行政処分取消訴訟に補助参加した者は、いわゆる共同訴訟的補助参加人と解するのが相当である。
行政処分取消訴訟の補助参加人の法律上の地位。
行政事件訴訟特例法8条,民訴法62条,民訴法69条
判旨
行政処分取消訴訟のように判決の効力が第三者にも及ぶ場合、その利害関係人は共同訴訟的補助参加人の地位を有し、被参加人が単独で行った控訴取下げは無効である。
問題の所在(論点)
行政処分の取消訴訟における補助参加人の法的地位、および被参加人のみによる控訴取下げが補助参加人との関係で有効に成立するか。
規範
行政処分の取消訴訟は、公権力の行使に関する法律関係を対象とし、画一的な規制の必要性から判決の効力が第三者にも及ぶ。
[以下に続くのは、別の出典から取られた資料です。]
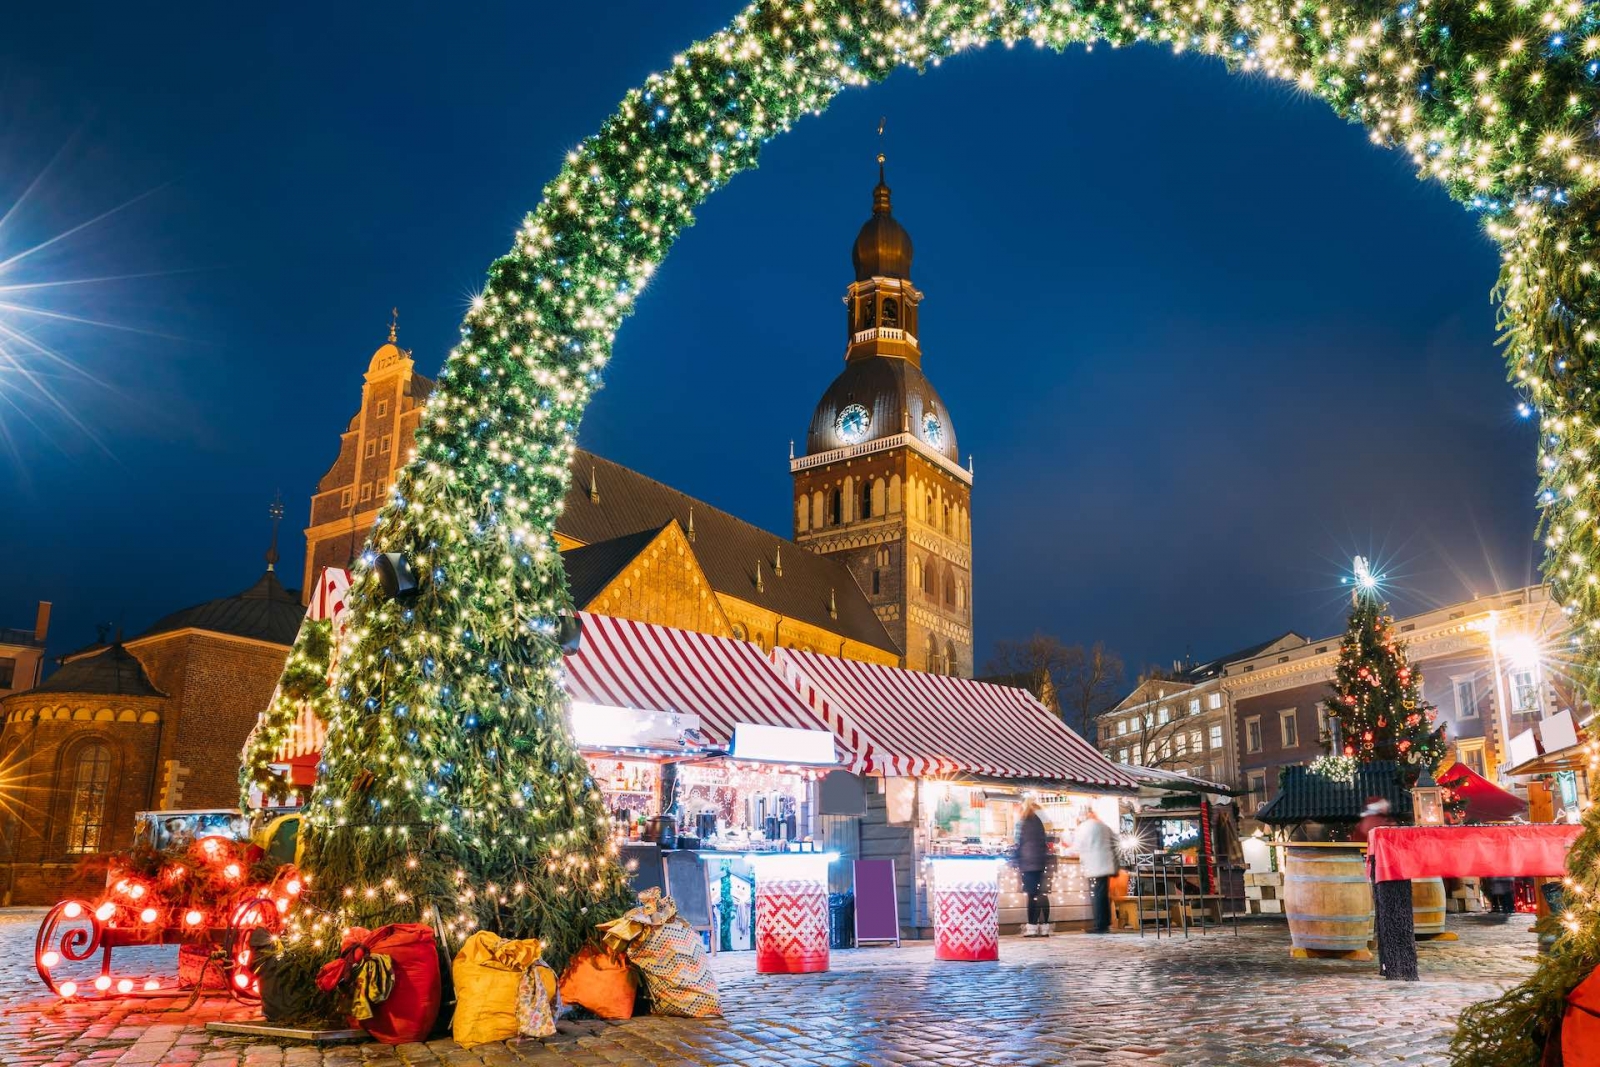 Riga, Latvia. Christmas Market On Dome Square With Riga Dome Cathedral. Christmas Tree And Trading Houses

したがって、当該訴訟への参加人は、民訴法上の共同訴訟に関する規定(現行40条)が準用される「共同訴訟的補助参加人」の地位を有し、被参加人と抵触する訴訟行為をなし得る。ゆえに、被参加人のみなされた控訴取下げは、参加人の利益を害する限りにおいて、当然にその効力を生じない。
重要事実
被上告人(農地買収処分等を受けた者)が敗訴した第一審判決に対し、その補助参加人らが控訴を提起した。控訴審の口頭弁論期日において、被上告人(被参加人)の代理人が口頭で控訴を取り下げる旨を陳述したが、次回の口頭弁論期日にて補助参加人らの代理人は「控訴取下げに同意し難い」と異議を申し立てた。この状況下で、被参加人の単独行為による控訴取下げの効力が争われた。
あてはめ
本件訴訟は訴願棄却裁決の取消しを求めるものであり、判決の効力が第三者にも及ぶ性質を持つ。そのため、参加人は共同訴訟的補助参加人として、あたかも共同訴訟人のごとき地位を有する。本件では、被参加人のみが控訴取下げを陳述したが、これに対し共同訴訟人に準ずる地位にある補助参加人らが次期日に明示的に不同意の意思を表示している。共同訴訟的補助参加の性質上、被参加人の行為が参加人の利益に反し、かつ参加人の訴訟追行を妨げる場合には、被参加人の単独行為によって訴訟を終了させることはできない。
結論
共同訴訟的補助参加が成立する場合、被参加人のみによる控訴取下げはその効力を生じない。したがって、本件控訴は依然として有効に係属する。
実務上の射程
行政訴訟法上の第三者効(40条等)が認められる場合や、会社法上の訴訟など判決の対世効が認められる場面での補助参加を「共同訴訟的補助参加」と定義し、通常の補助参加(民訴法45条2項)の制約を超えて参加人の独自の訴訟追行を認める際の根拠となる。答案上は、参加人と被参加人の利害が一致しない局面で、参加人の独立性を強調するために用いる。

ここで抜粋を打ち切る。